> [The problem]
Would you give the listing again exactly, without its images?
** Opening Information provided block **
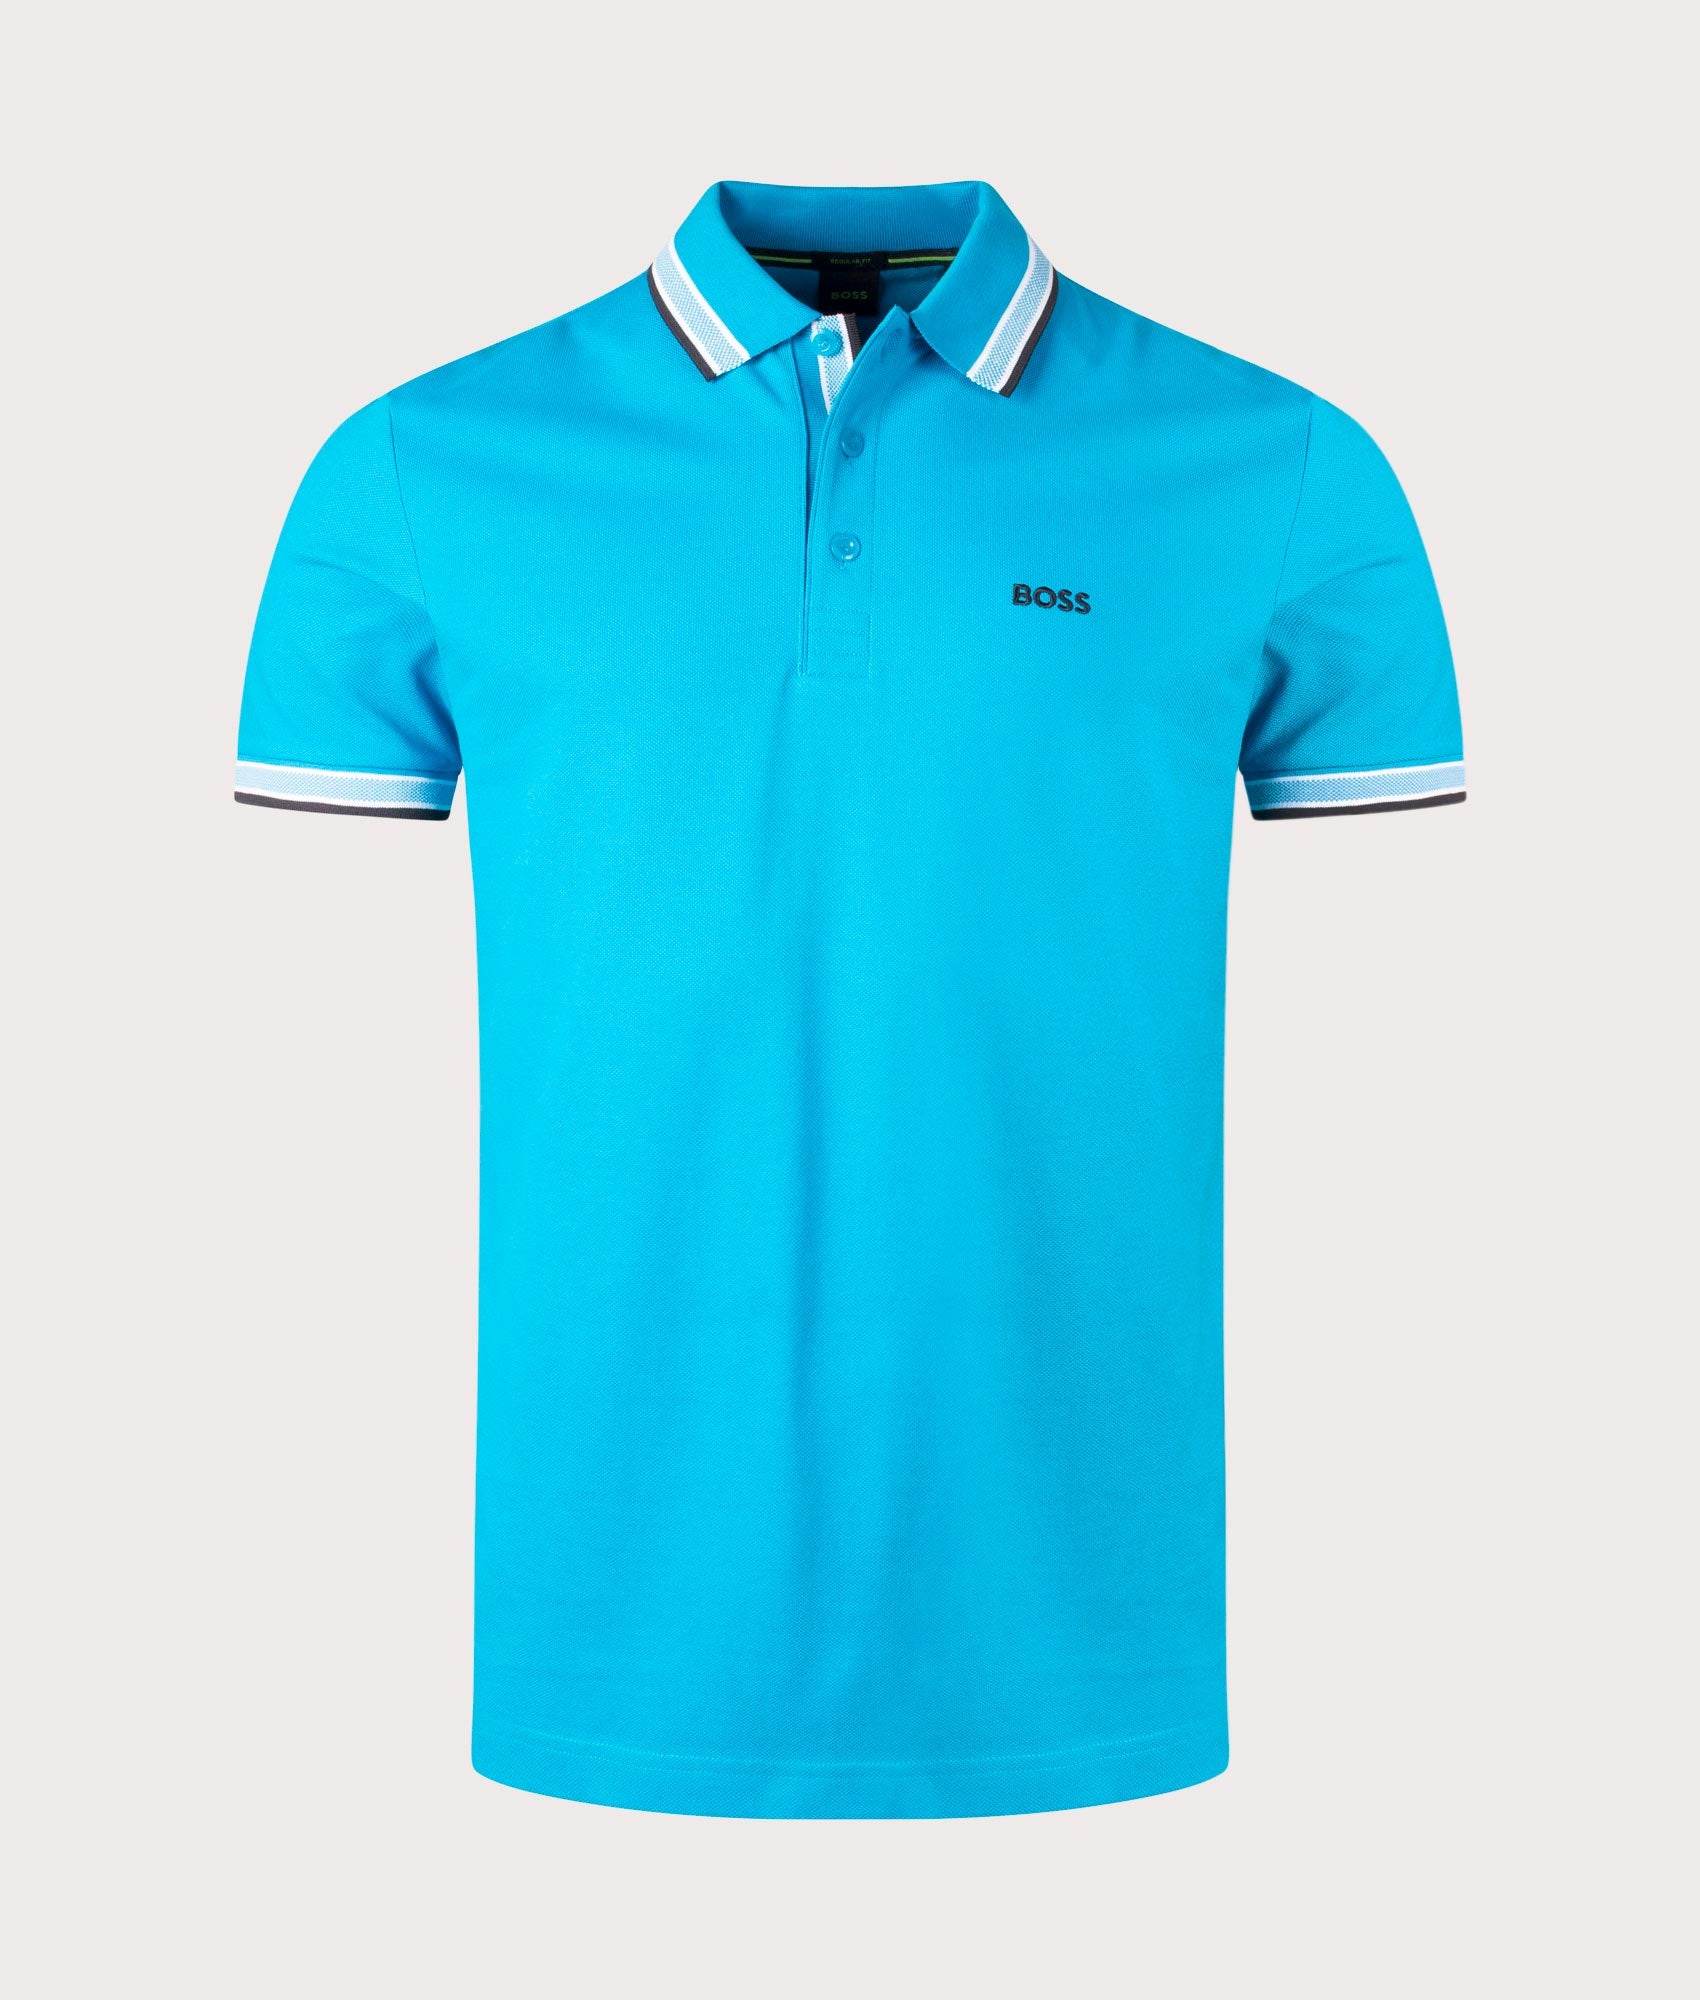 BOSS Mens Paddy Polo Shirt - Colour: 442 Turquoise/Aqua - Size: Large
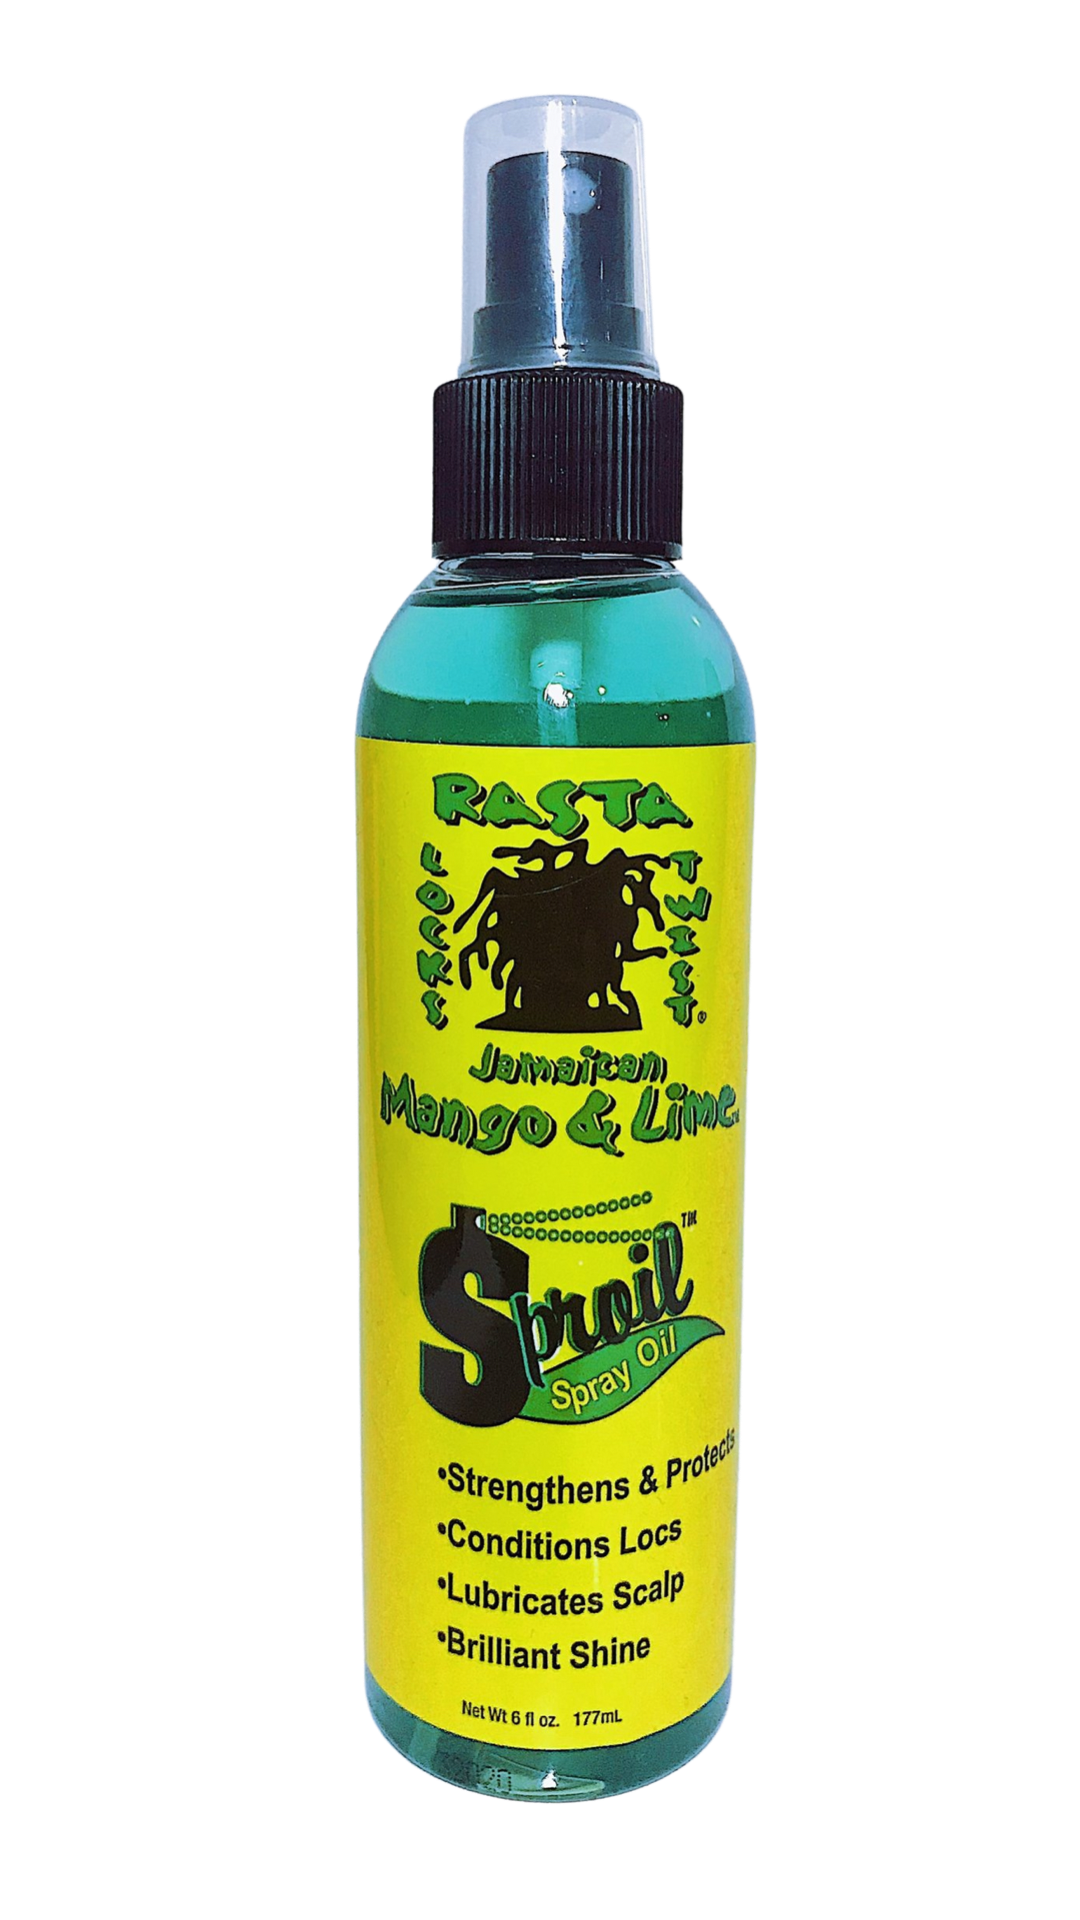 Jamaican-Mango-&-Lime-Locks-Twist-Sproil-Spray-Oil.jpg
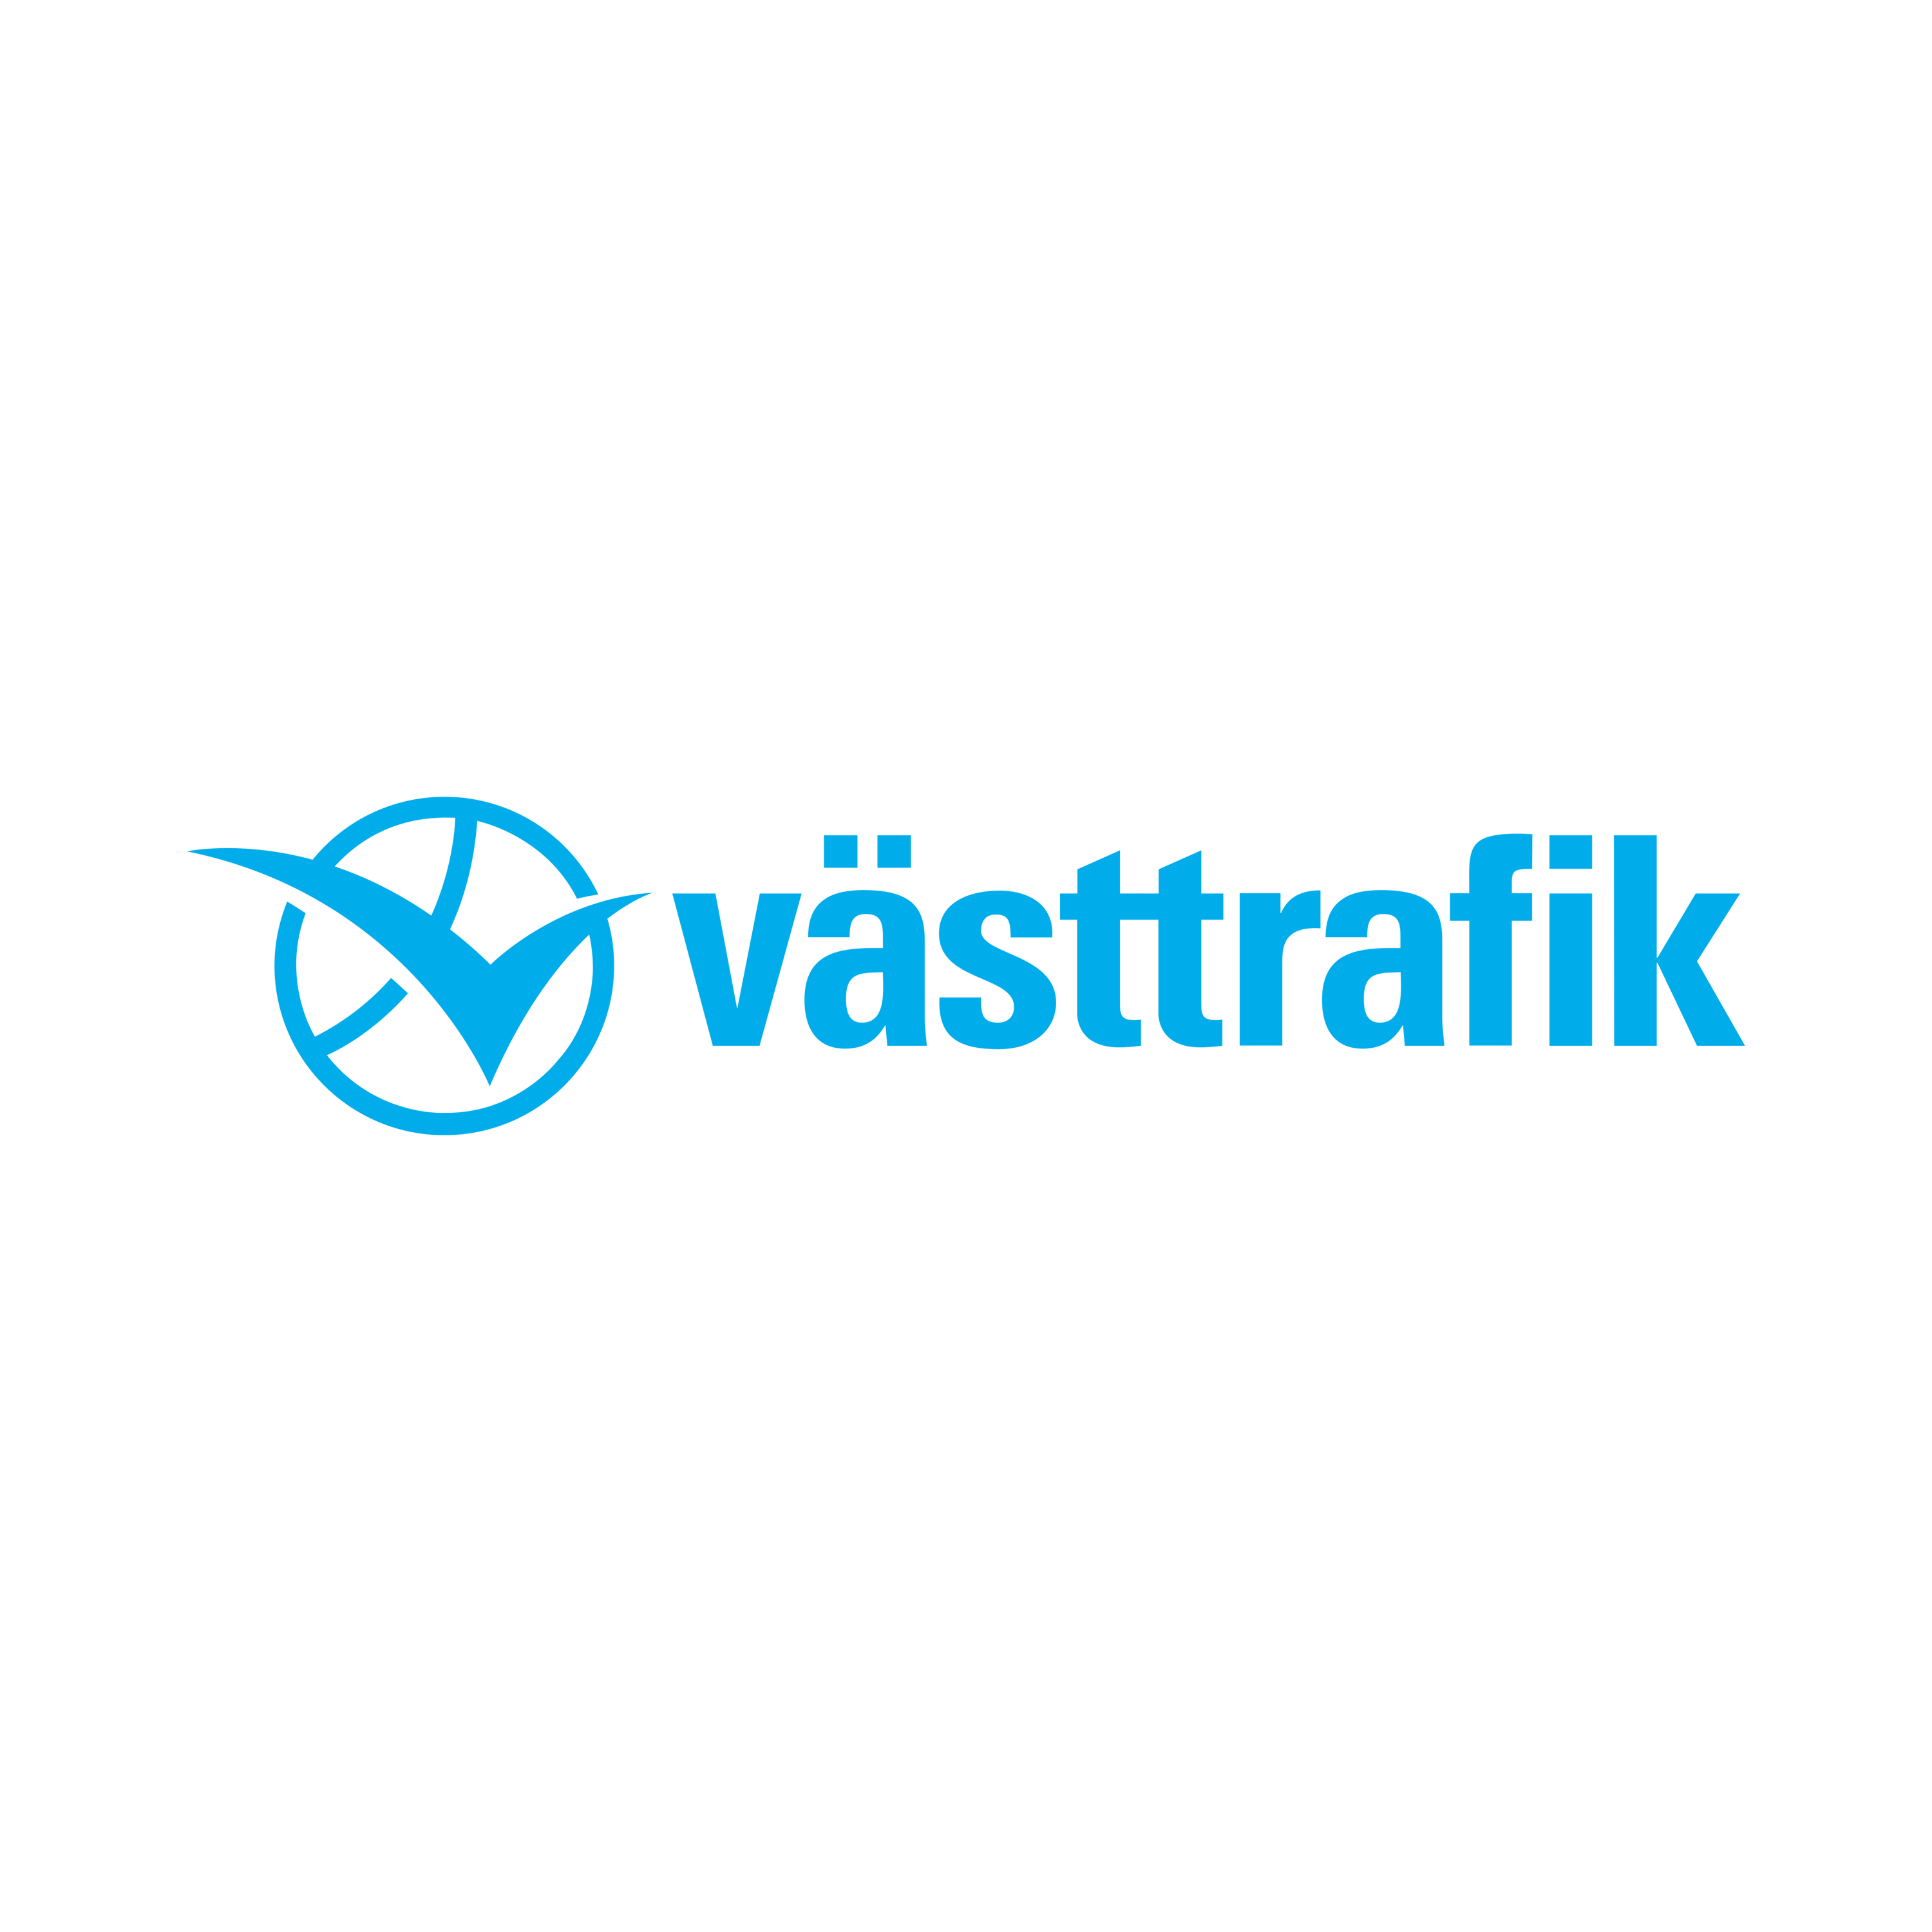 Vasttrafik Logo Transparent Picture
** Closing Information provided block **
> [Response area]
 BOSS Mens Paddy Polo Shirt - Colour: 442 Turquoise/Aqua - Size: Large
 Jamaican-Mango-&-Lime-Locks-Twist-Sproil-Spray-Oil.jpg
 Vasttrafik Logo Transparent Picture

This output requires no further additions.